The atherosclerotic process begins early in life with the accumulation of lipid-laden cells beneath the endothelium – the fatty streak – that includes mainly macrophages and some T cells. The fatty streak can vanish or may progress to atheroma formation. Atheromata consist of cells, connective tissue elements, lipids and debris that together thicken the intima. Inflammatory and immune cells constitute an important part of the atherosclerotic lesions. LDL cholesterol infiltrates the wall of large- and medium-sized arteries where it is responsible for initiating an inflammatory response. LDL oxidation evokes the release of phospholipids that activate the endothelium mainly at sites of hemodynamic strain (high oscillatory, but low average shear stress), which leads to increased expression of adhesion molecules and inflammatory cytokines. Blood platelets adhere to surface molecules of endothelial cells via their glycoproteins IIb/IIIa.

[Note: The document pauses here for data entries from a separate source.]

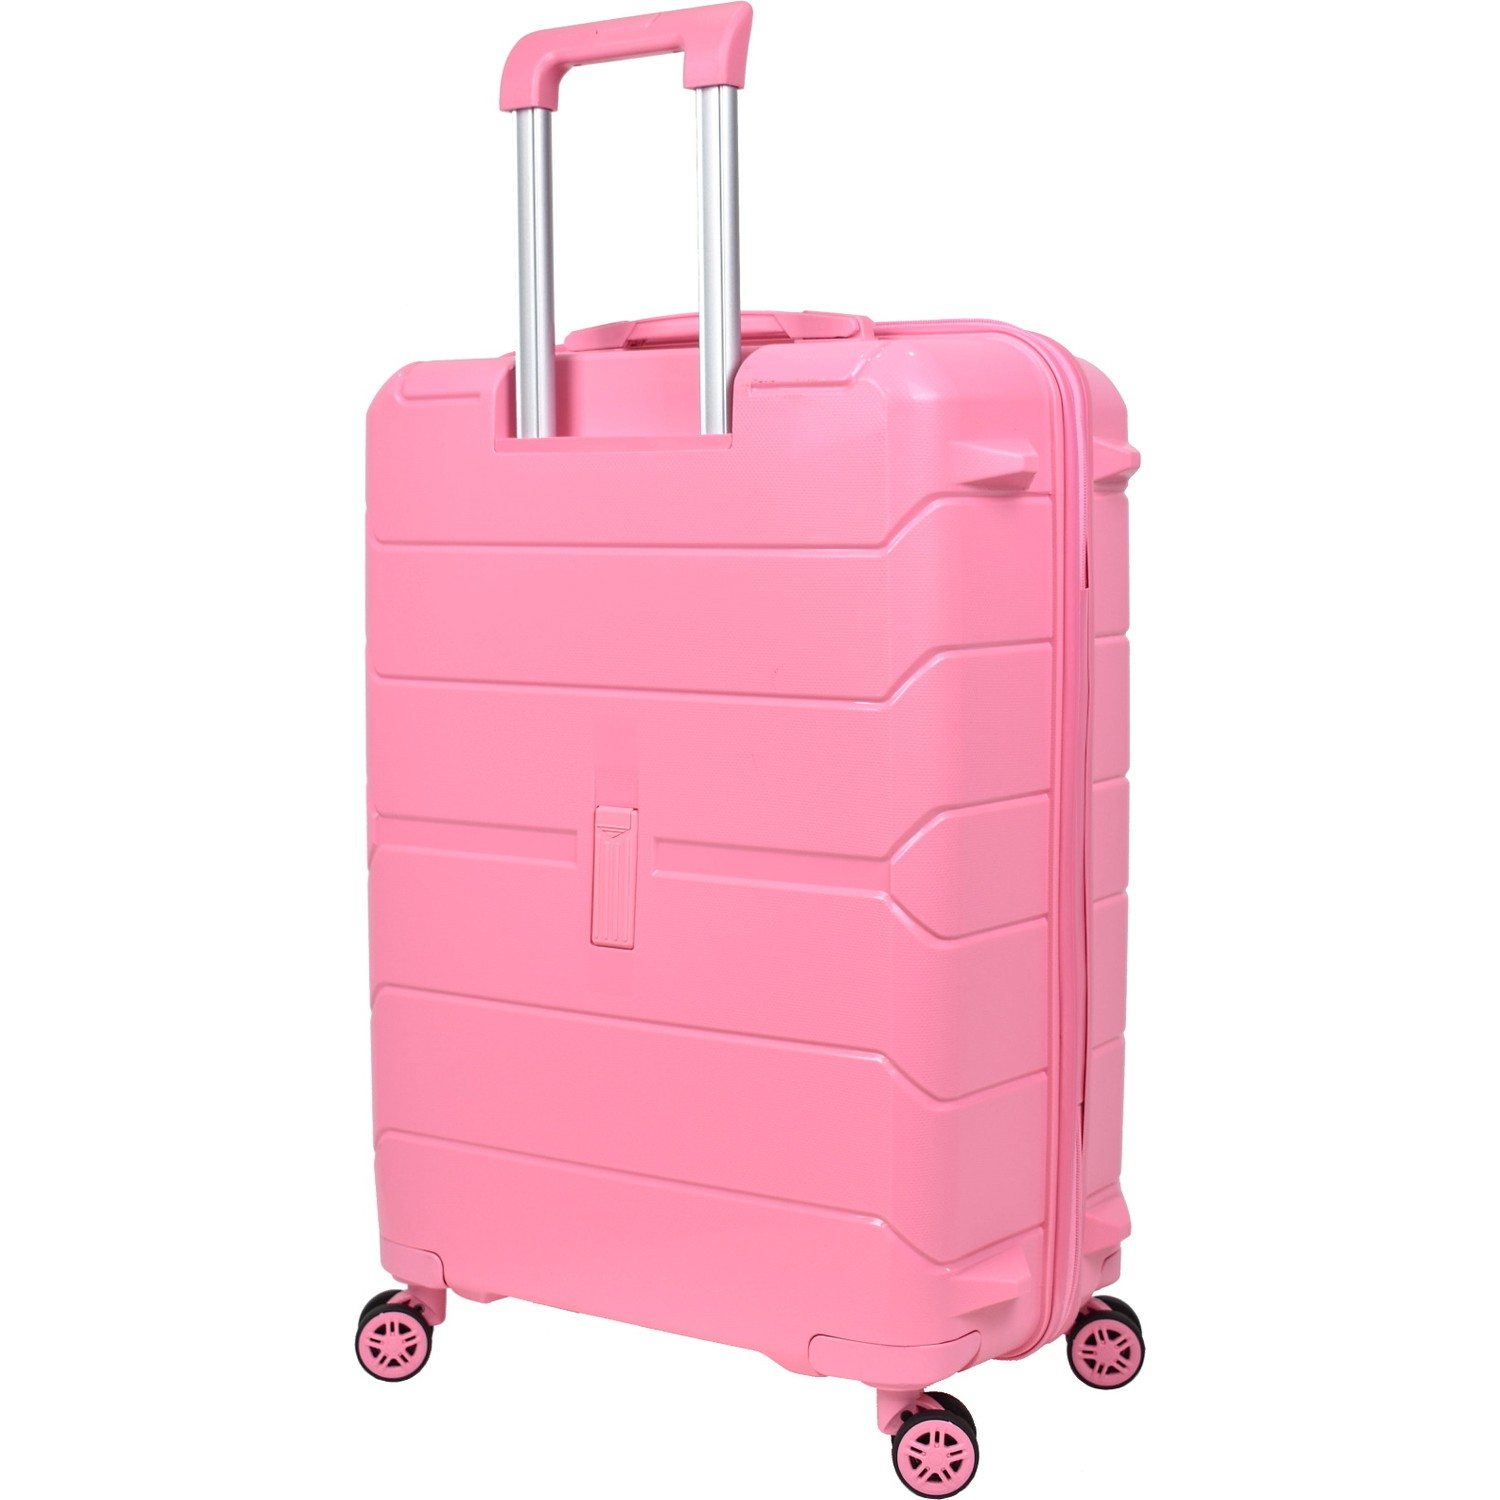 Большой чемодан из полипропилена MCS V366 L PINK! Для 23 кг! - 3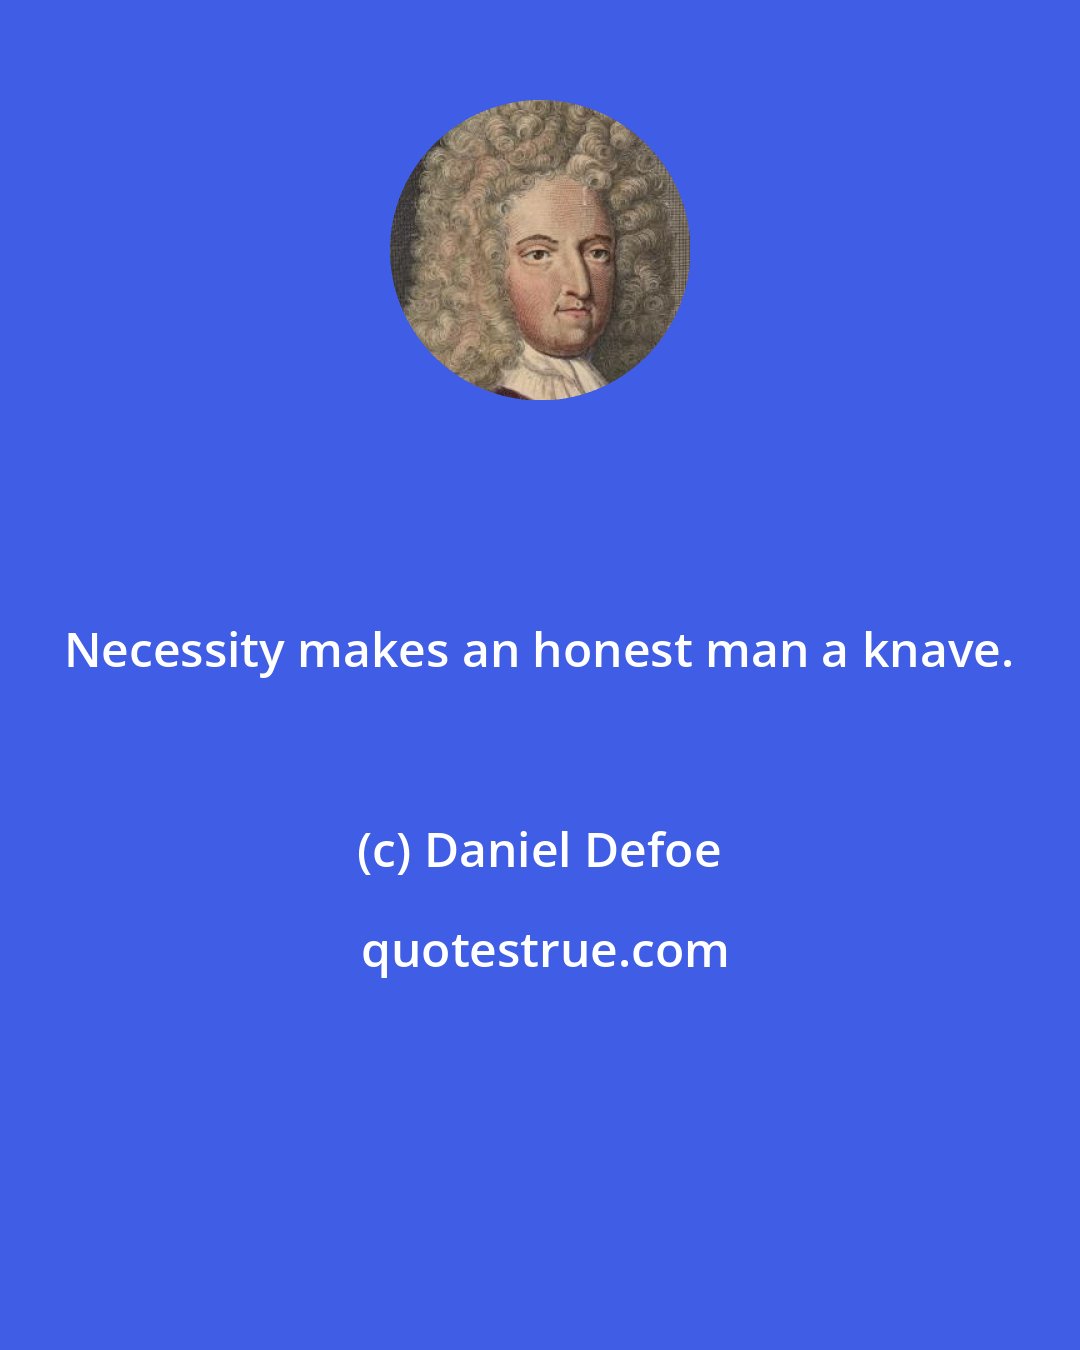 Daniel Defoe: Necessity makes an honest man a knave.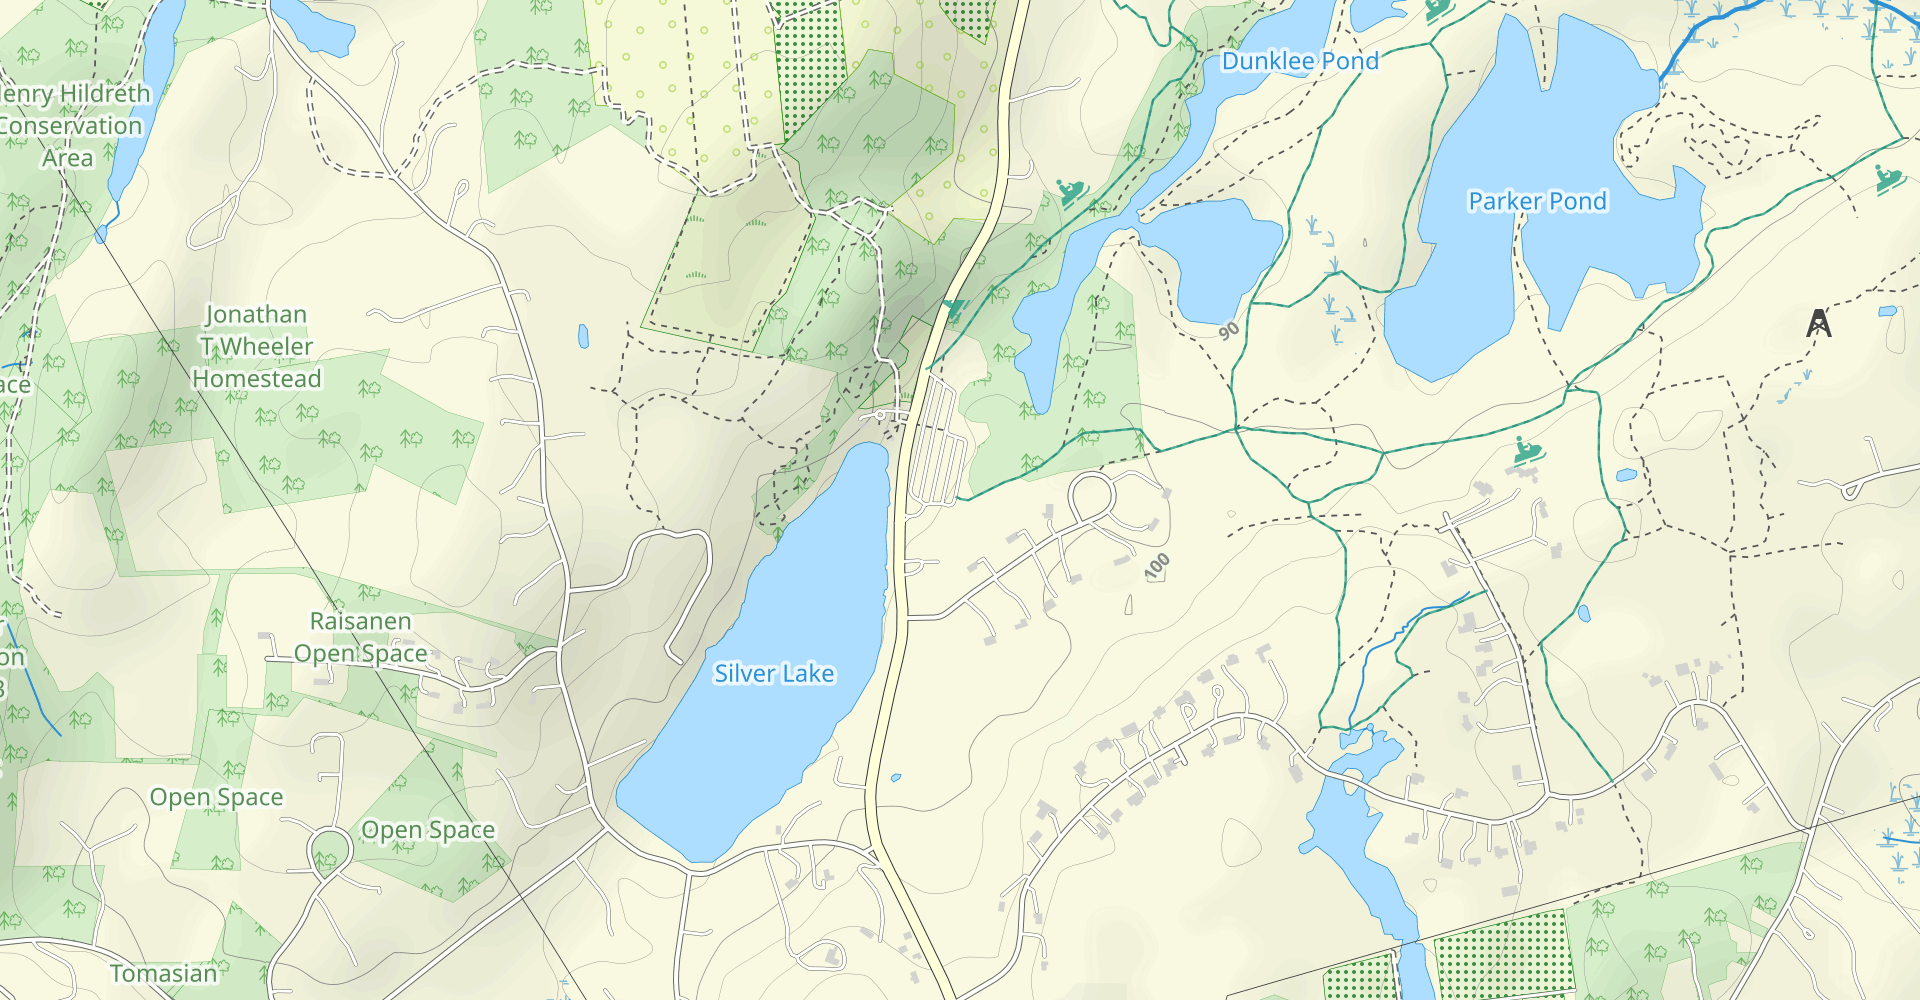 Dunklee Pond and Parker Pond Loop Trail

The atheroma possesses a central core with foam cells and extracellular lipid droplets surrounded by a cap of smooth muscle cells and a collagen-rich matrix. Atheroma growing involves infiltration by T cells, macrophages and mast cells; many of them are activated and produce pro-inflammatory cytokines (interleukin-1β, tumour necrosis factor, γ-interferon) that promote the migration and proliferation of smooth muscle cells and the construction of a dense extracellular matrix – the advance atherosclerotic lesion.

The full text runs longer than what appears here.